Screening and assessing for suicide risk is more than just asking the right questions in the right order and documenting the answers. As one person with lived experience has stated, "Don’t treat it like a checklist on a clipboard."

When organizations develop a caring, confident, and competent workforce then staff members are comfortable talking with individuals about suicidal thoughts and behaviors. When staff have confidence in their ability to manage an individual’s suicide risk they can determine the least restrictive and supportive environment for the individual.

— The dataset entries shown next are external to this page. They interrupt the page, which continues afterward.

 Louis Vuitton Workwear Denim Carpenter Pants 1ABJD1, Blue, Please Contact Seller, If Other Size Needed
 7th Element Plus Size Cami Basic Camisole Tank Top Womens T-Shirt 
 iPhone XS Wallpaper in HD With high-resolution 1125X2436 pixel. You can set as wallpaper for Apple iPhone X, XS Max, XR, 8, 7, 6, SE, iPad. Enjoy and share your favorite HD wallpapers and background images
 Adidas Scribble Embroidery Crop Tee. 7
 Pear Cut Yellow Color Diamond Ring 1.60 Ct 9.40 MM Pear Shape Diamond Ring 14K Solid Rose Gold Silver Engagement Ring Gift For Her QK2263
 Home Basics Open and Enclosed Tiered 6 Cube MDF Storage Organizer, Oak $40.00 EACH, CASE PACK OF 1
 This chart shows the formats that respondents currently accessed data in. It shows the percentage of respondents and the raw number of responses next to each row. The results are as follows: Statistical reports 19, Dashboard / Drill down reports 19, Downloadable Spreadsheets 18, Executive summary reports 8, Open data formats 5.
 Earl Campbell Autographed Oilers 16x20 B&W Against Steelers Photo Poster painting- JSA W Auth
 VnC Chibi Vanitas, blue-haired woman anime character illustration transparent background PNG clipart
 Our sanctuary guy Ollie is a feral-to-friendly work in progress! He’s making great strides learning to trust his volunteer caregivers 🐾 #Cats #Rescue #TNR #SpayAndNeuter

Training for staff should include:

  • How to adopt a collaborative stance that reflects empathy, genuineness, and hope.
  • How to express understanding of the individual’s ambivalence and that their desire to die is to relieve their intolerable pain. 
  • Engender confidence that there are alternatives to suicide and how to empower the individual in care to use the available services to help reduce their pain.
  • How to treat the screening and assessment process as an exploration of what happened to the individual, not as a task to complete or an examination of what is wrong with the individual.

Resistance

One barrier to consistent screening and assessing risk is mistaken beliefs about suicide and its causes. The Attitudes and Beliefs about Suicide activity can walk through how some of these beliefs might contribute to barriers to suicide risk screening.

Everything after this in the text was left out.